Step Two - Get Pre-Qualified for a Home Loan


Set up an appointment to speak with one of our expert and friendly loan officers. We can help you figure out what kind of house you can afford. This is a great time to see what type of California home loan would work best for you.

Step Three - Complete Mortgage Application


Provide information on your personal financial situation when you complete the California mortgage application. Sign a release allowing us to run a credit check to allow us a better picture of the different types of California home loan programs we may be able to offer you.

Step Four - Get Pre-Approved for a Home Loan


Your information will be confirmed, and your credit report will be checked. Subject to appraisal, the mortgage loan is approved. Being pre-approved will speed things up for when you find your home.

What Happens If My Loan Is Denied

It's never fun to be turned down for a mortgage loan, but before you think you won't be able to get credit anywhere, there are some steps you can take.

Lenders are required by a federal law, The Equal Credit Opportunity Act, to tell you in writing when you've been turned down for credit.

Two important pieces of information must be included in the letter you receive when you are denied credit: The specific reasons why you were denied credit (or information on how to obtain those reasons); and If a credit report was used in making that decision, the name and address of the credit reporting agency that supplied it.

If you don't understand the reasons given for turning down your application, ask for more information. Sometimes it can be hard to determine exactly why your application was not approved, because these decisions involve a lot of different factors. Don't be shy about asking, though, since the information you receive may help you improve your credit so you can qualify in the future.

You may be denied credit for various reasons, including not meeting the creditor's minimum income requirement or not being at your address or job for the required amount of time.
If your loan application was rejected because of insufficient income to afford the house you want or you have insufficient funds for closing costs and a down payment, you could consider loan programs for low to moderate income borrowers with lower down payment requirements, such as an FHA loan or VA loan.

If you requested the loan amount which is larger than 95 percent of the appraised property value, the chances are that loan will be denied.

In this situation:

  • You can try to renegotiate with the seller for the purchase price to lower the loan amount
  • Make an additional down payment to cover the difference between the appraised value and purchase price
  • If you think the appraiser undervalued the property suggest that the lender reexamine the appraisal
  • If your loan is turned down because of a poor credit report, you are entitled to a free copy of that report.
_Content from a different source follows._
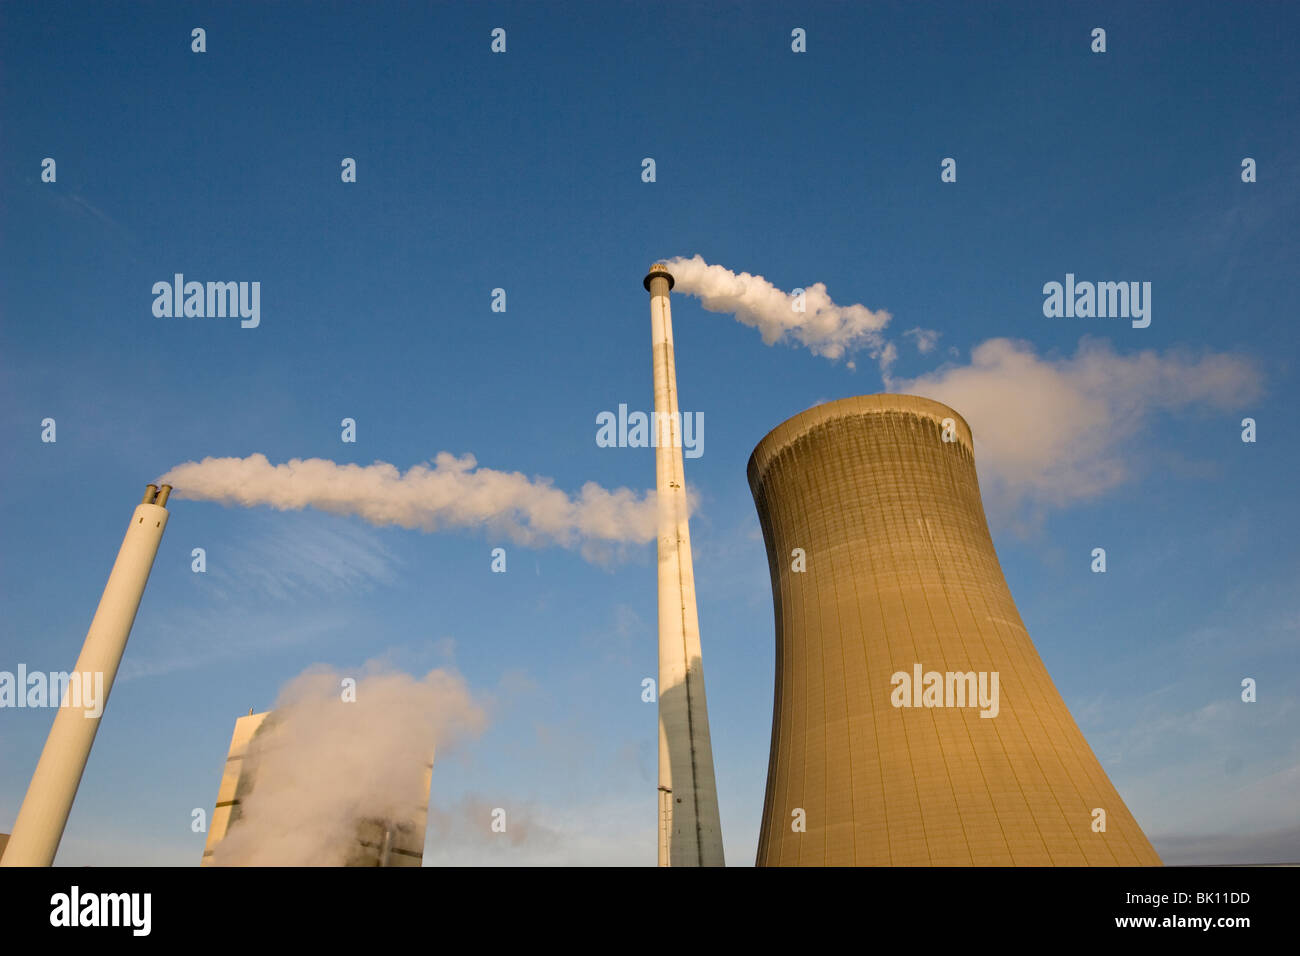 Smocking smokestacks from the brown coal power station Stock Photo

You must request it within 60 days, so don't wait to order it. Read your report carefully to make sure it is accurate and complete. Once you have a copy of your credit report, you should check for errors and fix any errors by disputing them with the credit report agency. If you believe that mistakes on your report led to the rejection of your application, you can ask the credit bureau to send a corrected copy to the lender. Follow up with the lender to find out if your application can be reevaluated.
  • Finally, you can try again. All lenders have different approval standards. Just because you did not get a loan from one financial institution doesn't mean you can't get one somewhere else. Try again with another company. Just don't apply for more than four or five loans in a six-month period.
    When you are ready to shop for a loan, you can work directly with a lender or with a mortgage broker representing many individual lenders. Direct lenders are lending their own money, have in house programs and make the final decision on your application. Mortgage brokers are intermediaries who represent many lenders and loan programs from which to choose.